## TASK
Write out each line of the listing as it stands, without the images.

## SOURCE DATA
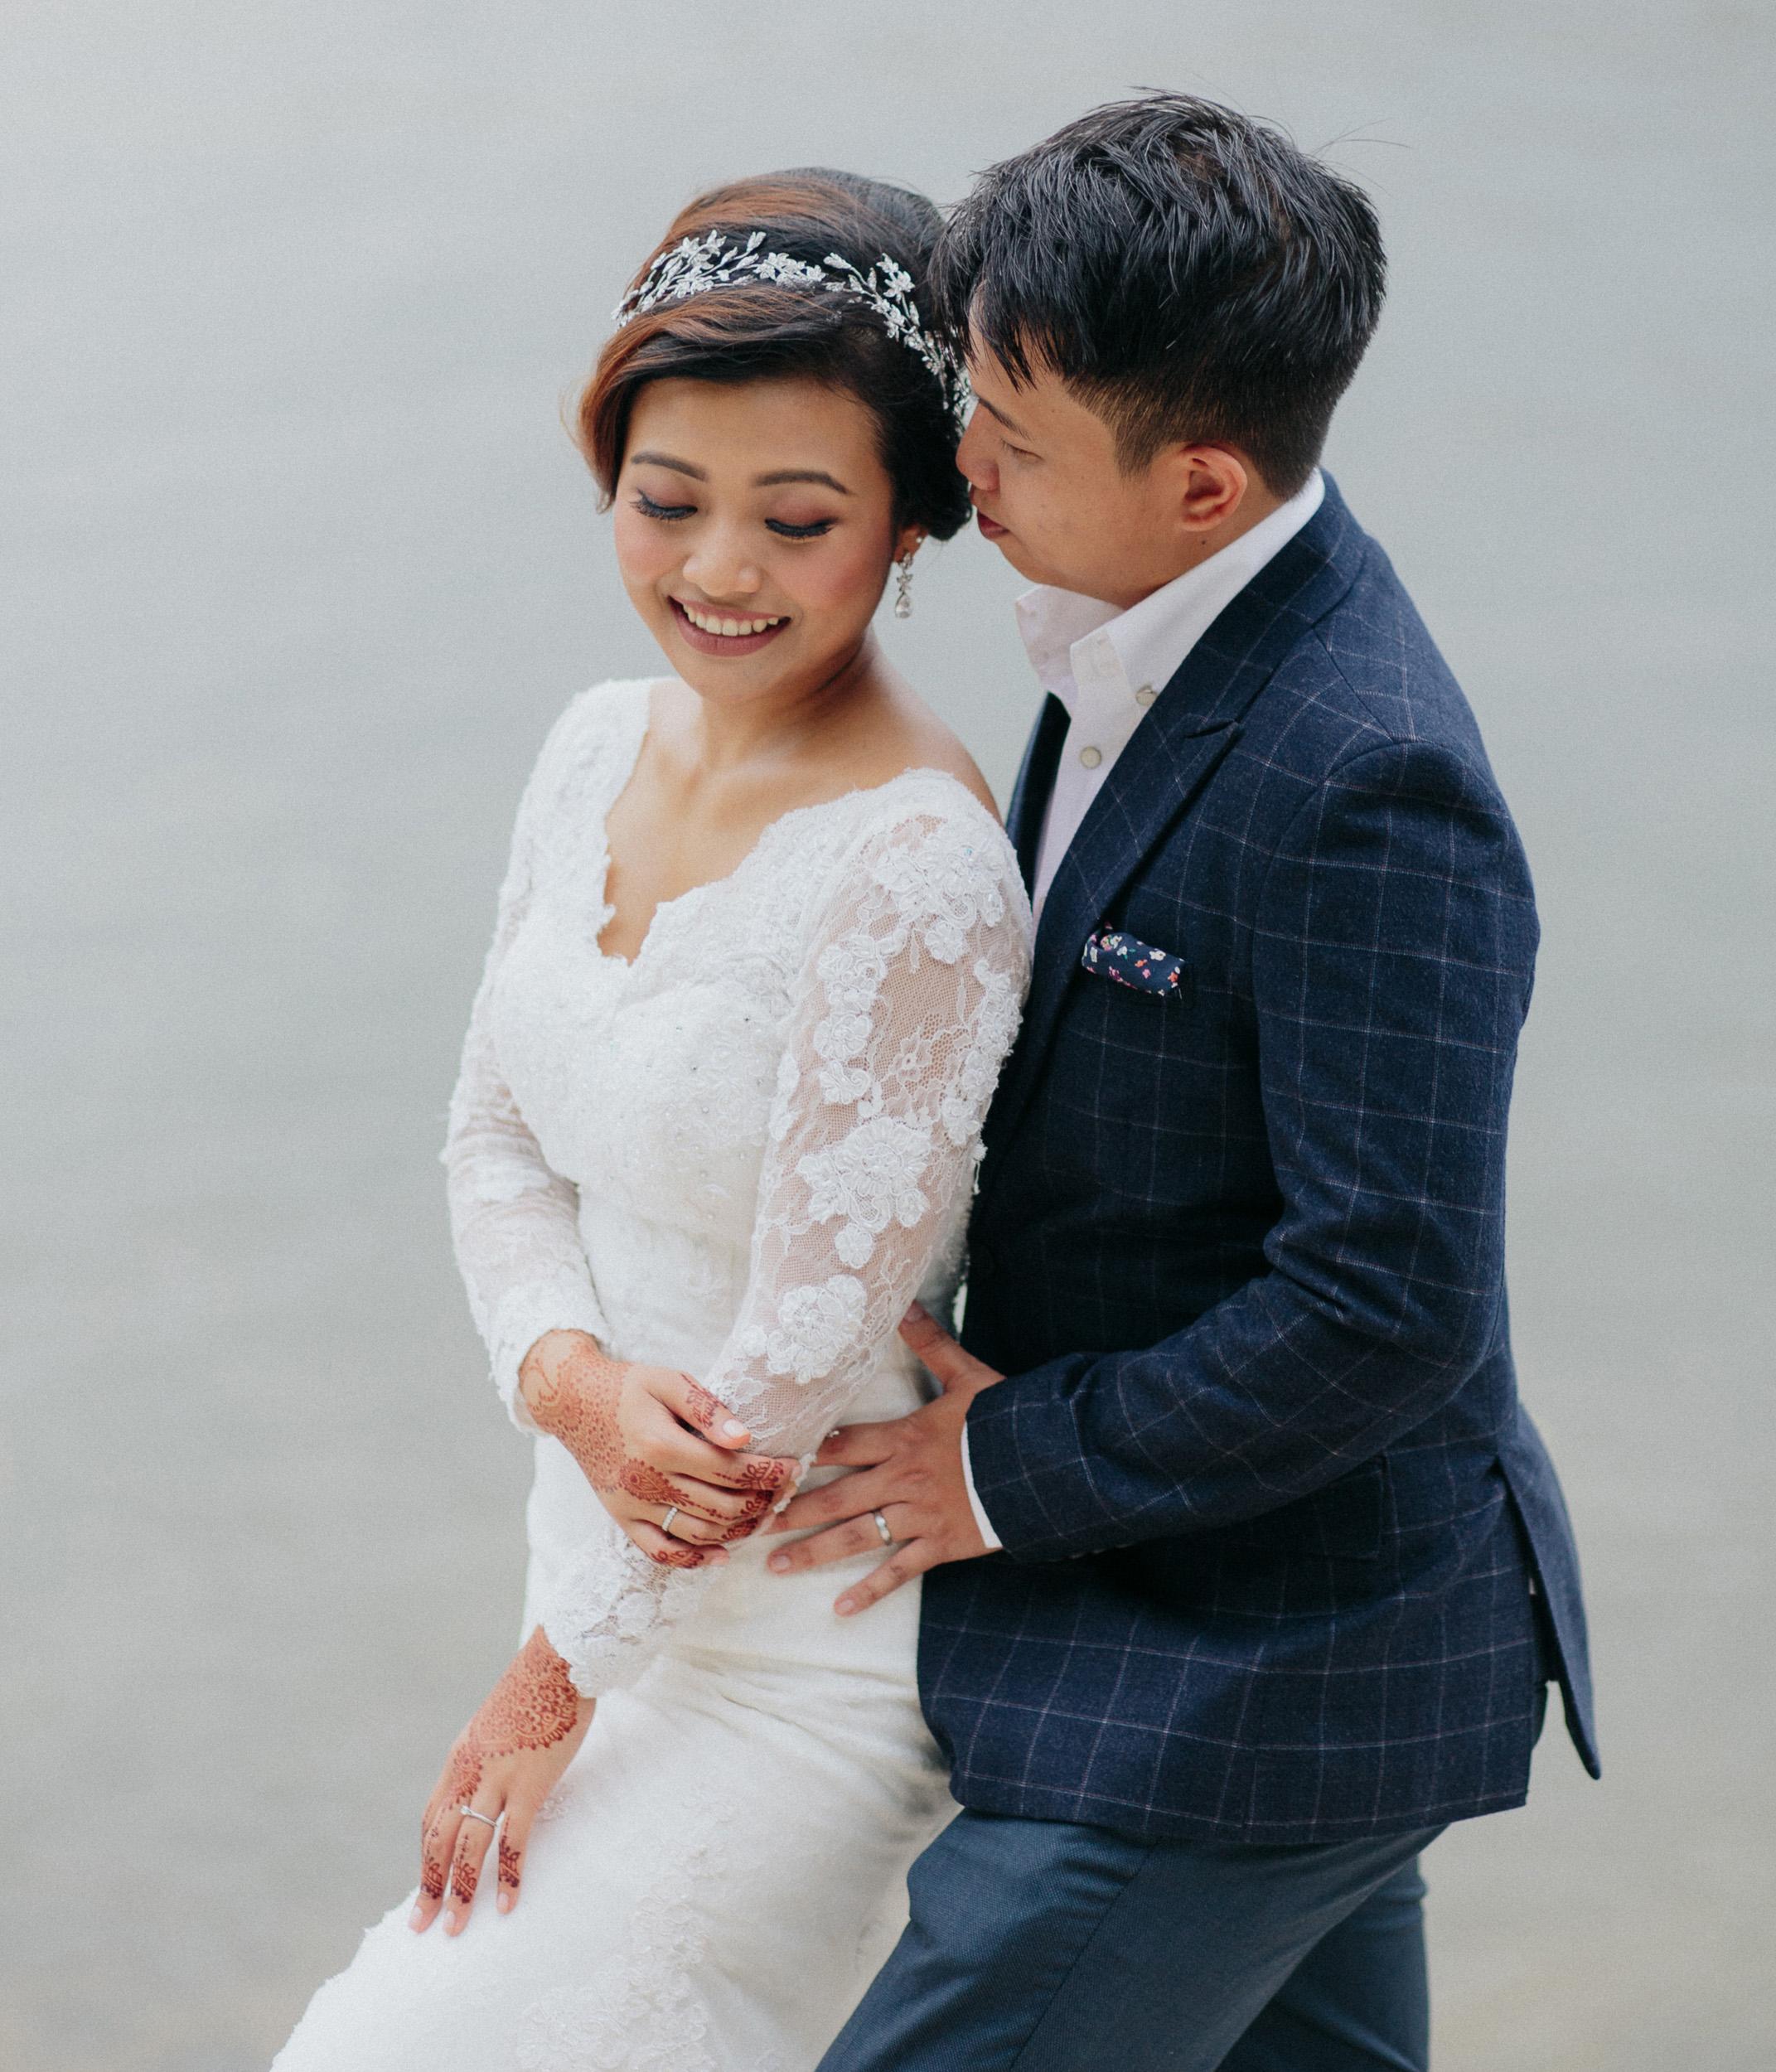 singapore-wedding-photographer-photography-wmt2017-080.jpg
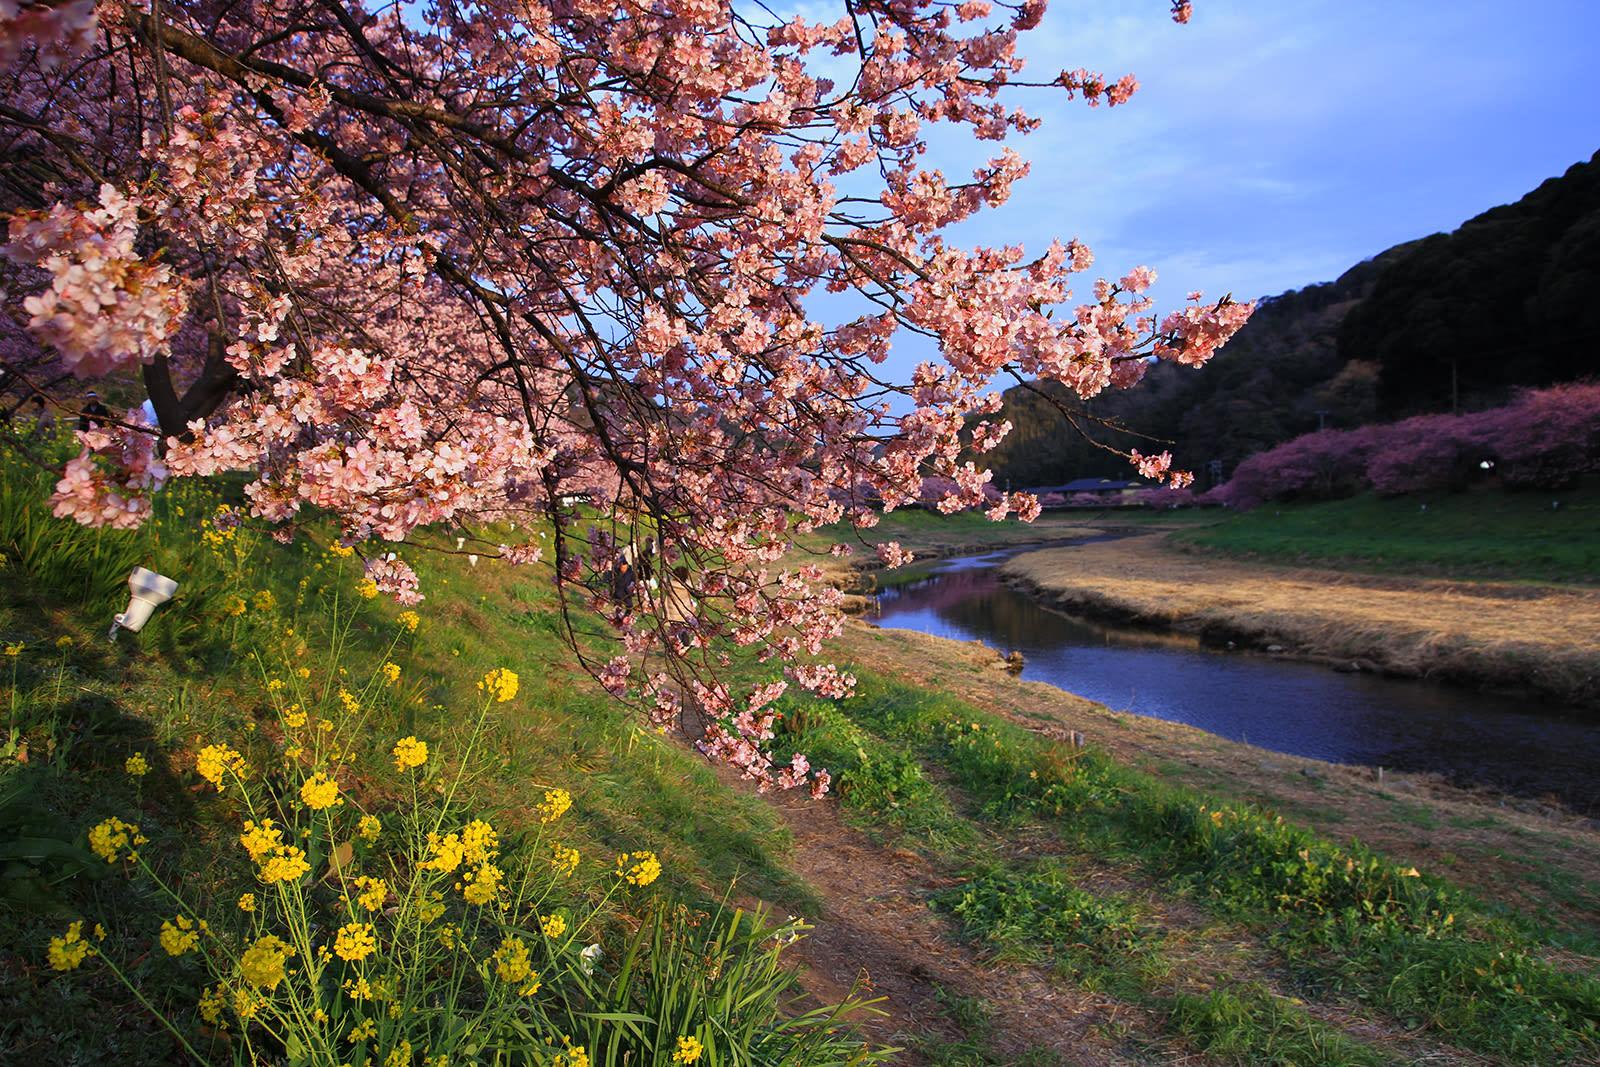 Ngắm Kawazu-zakura và trời sao tại Miurakaigan, Kanazawa-ken 5
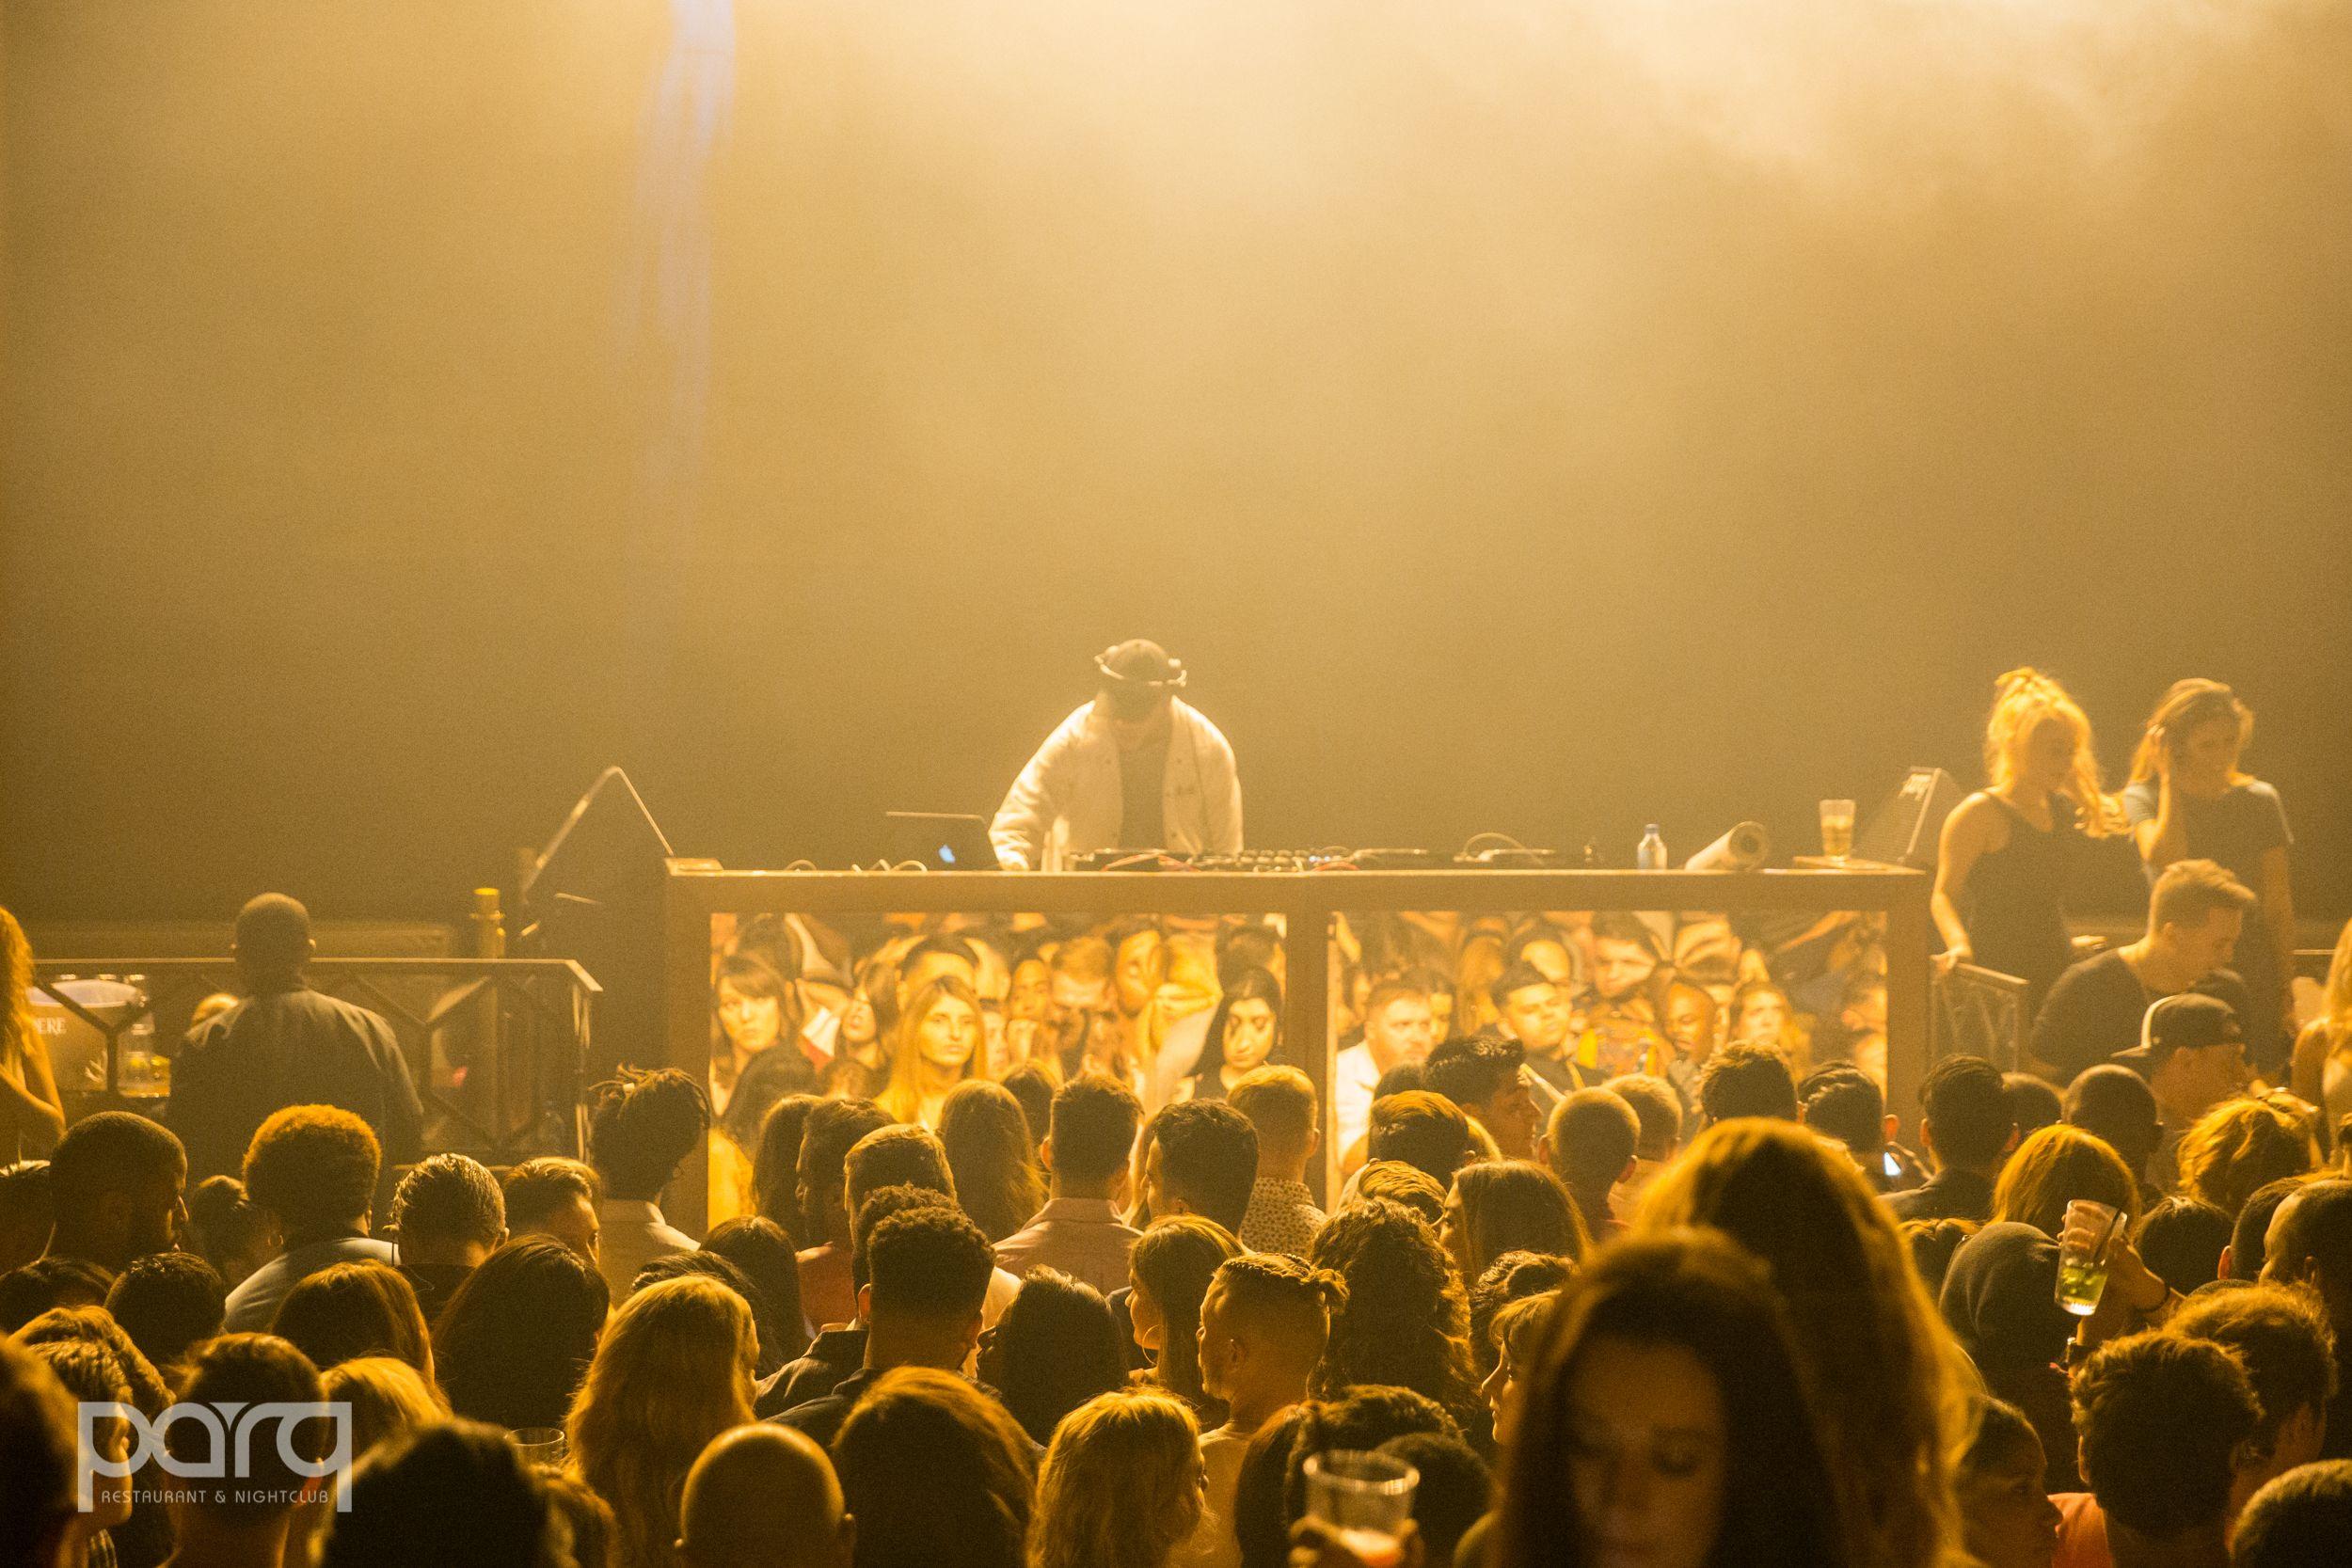 02.18.18 Parq - DJ Drama-18.jpg

## TASK RESPONSE
 singapore-wedding-photographer-photography-wmt2017-080.jpg
 Ngắm Kawazu-zakura và trời sao tại Miurakaigan, Kanazawa-ken 5
 02.18.18 Parq - DJ Drama-18.jpg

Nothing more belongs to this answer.